Like Goodbye Again, Blues was produced by United Artists, and no doubt, Carroll shot her cameo in Again at the same time thst she was working on Blues. Directed by Martin Ritt, a great American director who I still think is terribly underrated (Hud, The Molly Maguires, Norma Rae, Sounder), the film is admittedly rather thin, plot-wise. More of a souffle than a full course meal.

But it's made with real style and has a wonderful vibrant feel to it, no doubt, in large credit to a great score by Duke Ellington. And besides, what city in the world looks more beautiful in black and white than Paris?

The film revolves around two struggling jazz musicians, played by Sidney Poitier and Paul Newman, and their entangled romances with two visiting tourists, played by Newman's real life wife Joanne Woodward and Carroll.
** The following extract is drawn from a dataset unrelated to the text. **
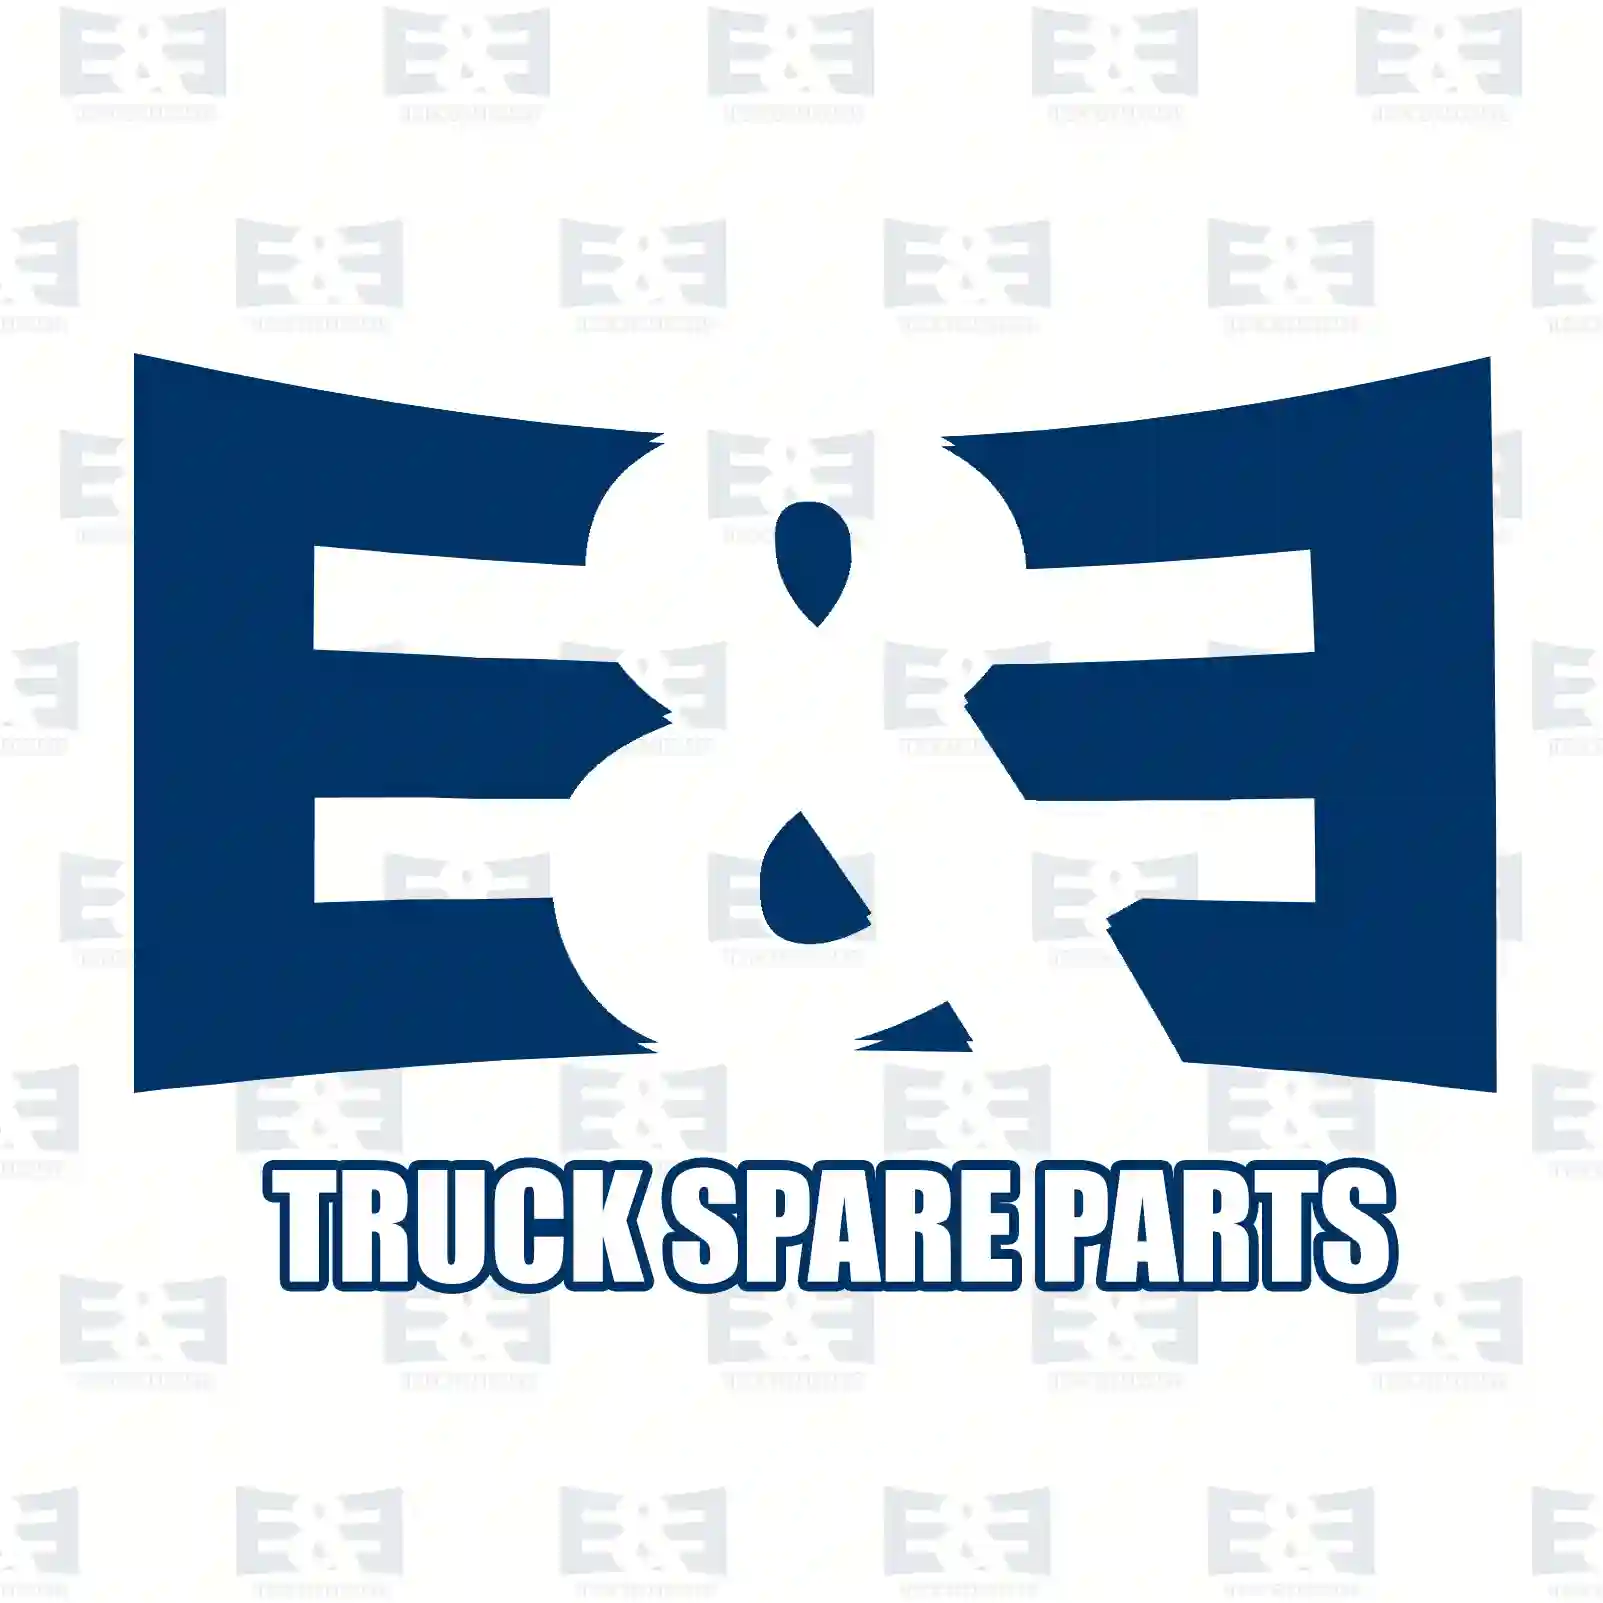  Rivet nut || E&E Truck Spare Parts | Truck Spare Parts, Auotomotive Spare Parts

The story involving Newman and Woodard is admittedly not that interesting; its the storyline involving Poitier and Carroll that is the more intriguing. 

Poitier is a sax player who's been living in Paris for the past five years, fleeing the racism he encountered in the States. Carroll is a young teacher who, of course, is immediately smitten with him. But being more socially conscious, she wants Poitier to go back to the states to fight conditions there, instead of what she sees as taking the easy way out and living a carefree life in Paris.

Their scenes together are romantic and charming, and there's a genuine real chemistry and subtle sensuality between them. That shouldn't be surprising, considering that the film was made when both the married Poitier and Carroll were almost two years into an intense private affair, which lasted another seven, disastrously ending in bitterness and both their marriages. Though they made up years ago, and have remained close friends ever since.

The only problem is that one wishes there were more scenes of them together, instead of the dull ones with Newman and the droopy Woodard. Even better, just a film about them alone.

Still it's rare to see a film involving a serious romance between two mature, adult, intelligent black people, and I found the entire film posted on You Tube so you can see for yourself.

It's not a classic in any way, but it sure is refreshing to see to a pair of adult black people in love in a movie.